Moreover, with similar result of GATA domain analysis found in A. thaliana , BnGATAs in the subfamilies I, II and IV contained 18 residues in the zinc finger loop (C-X2-C-X18-C-X2-C), with the exception of BnGATA2.8 and BnGATA2.26, where N-X2-C-X18-C-X2-C appears instead of C-X2-C-X18-C-X2-C) (Fig. 3). All 10 BnGATAs in the subfamily III contained 20 residues between the second and the third Cys residues in the zinc finger (C-X2-C-X20-C-X2-C). In addition, several amino acid sites showed high conservation in the GATA domains such as LCNACG residues (Fig. 3).
The distribution, genomic synteny and gene duplication of BnGATA genes
Totally, 84 out of 96 BnGATA genes were distributed over 19 chromosomes, while other 12 genes were assigned into random fragments (6 on the AAnn subgenome and 6 on the CCnn subgenome) (Fig. 4 and Table S2).
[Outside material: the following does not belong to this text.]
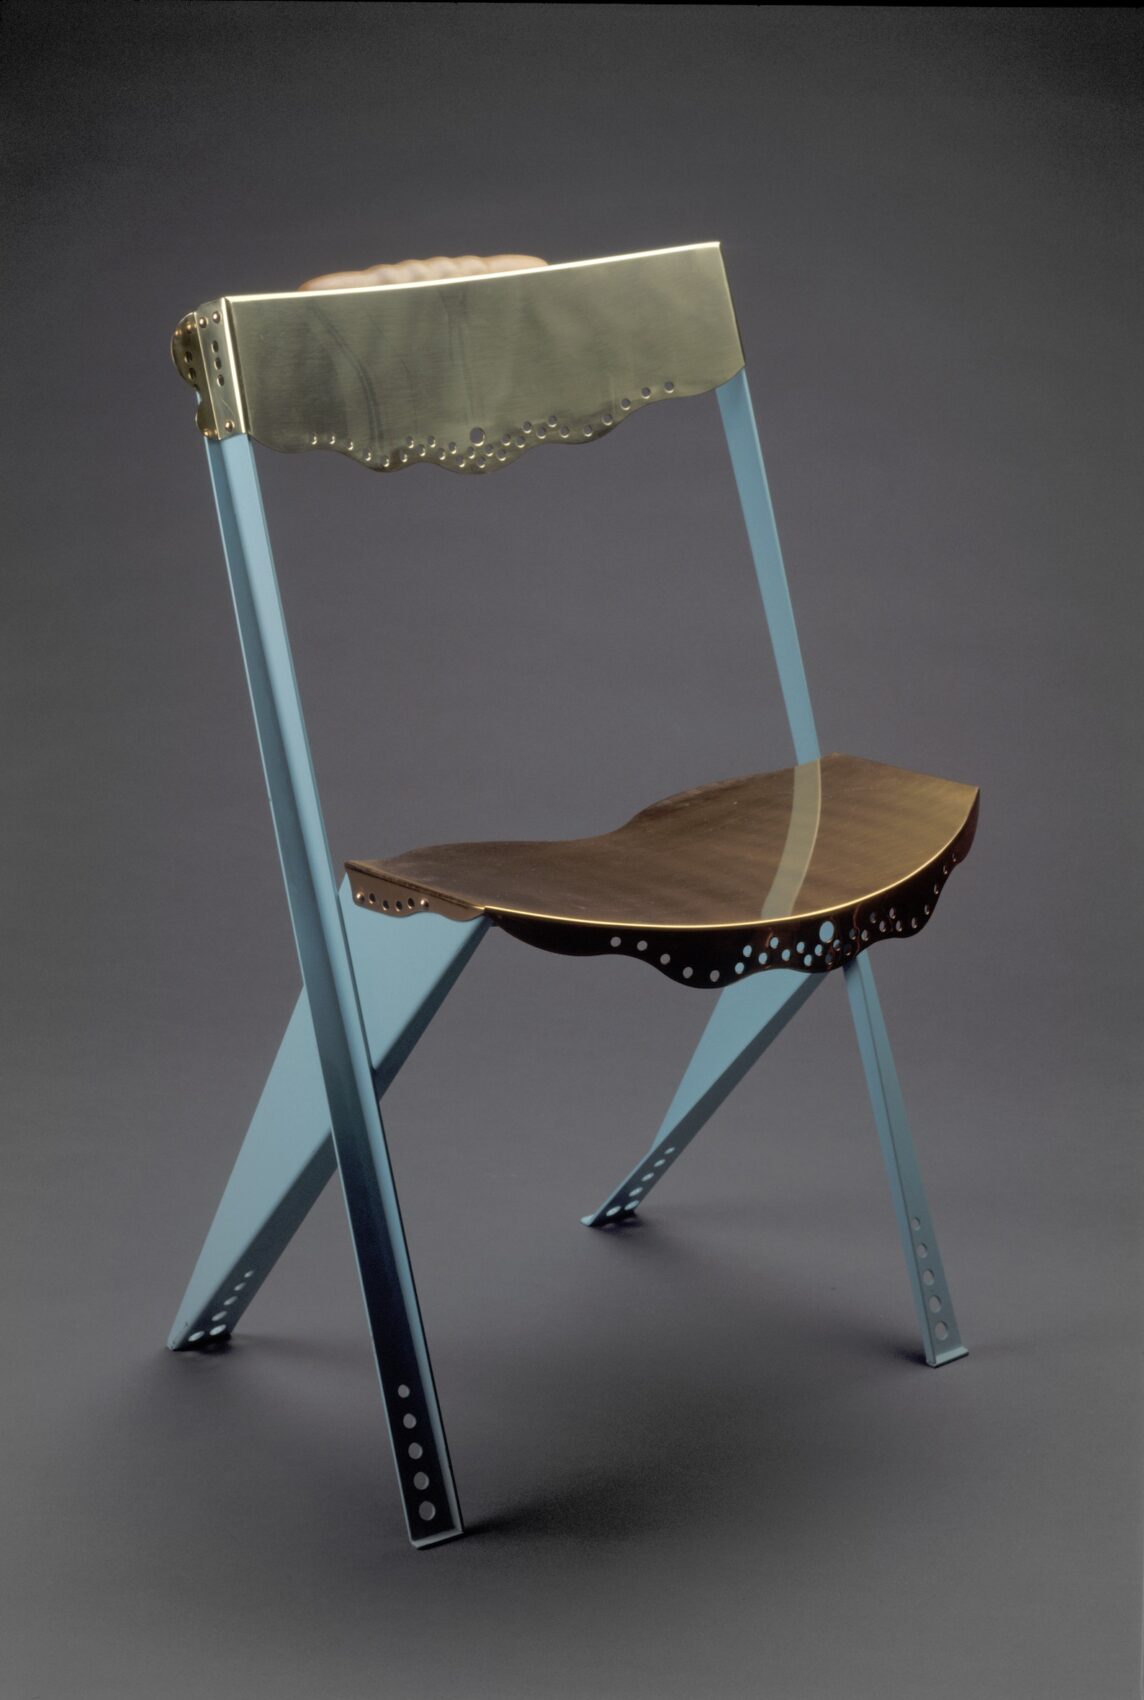 Židle z různých materiálů - mosaz, ocel, dřevo

Among 84 BnGATAs, 46 genes located on the AA subgenome, including 16 subfamily I genes, 22 subfamily II genes, 5 subfamily III genes and 3 subfamily IV genes; while 50 genes located on the CC subgenome, including 20 subfamily I genes, 21 subfamily II genes, 5 subfamily III genes and 4 subfamily IV genes (Fig. 4). Some BnGATA genes were formed as clusters in the same chromosomes, such as BnGATA1.32 and BnGATA2.36 (Fig. 4). However, most BnGATA genes were randomly distributed on the AA or CC subgenome. In addition, Chr A1 showed the highest density of BnGATAs with 7 genes from the subfamilies II and III (Fig. 4).
Using BLAST and MCScanX methods, 82 segmental duplication events of the GATAs were identified (Fig. 4 and Table S5). Among these events, 80 duplication events occurred across chromosomes, while 2 events were detected within a chromosome (BnGATA1.28/BnGATA1.31, BnGATA1.19/BnGATA1.21). Furthermore, 14 duplication events took place on the AA subgenome, 14 events on the CC subgenome, and 50 events across AA/CC subgenomes. The results suggest that some BnGATA genes possibly came into being during gene duplication, and the segmental duplication events could play key roles in the expansion of BnGATA genes in B. napus.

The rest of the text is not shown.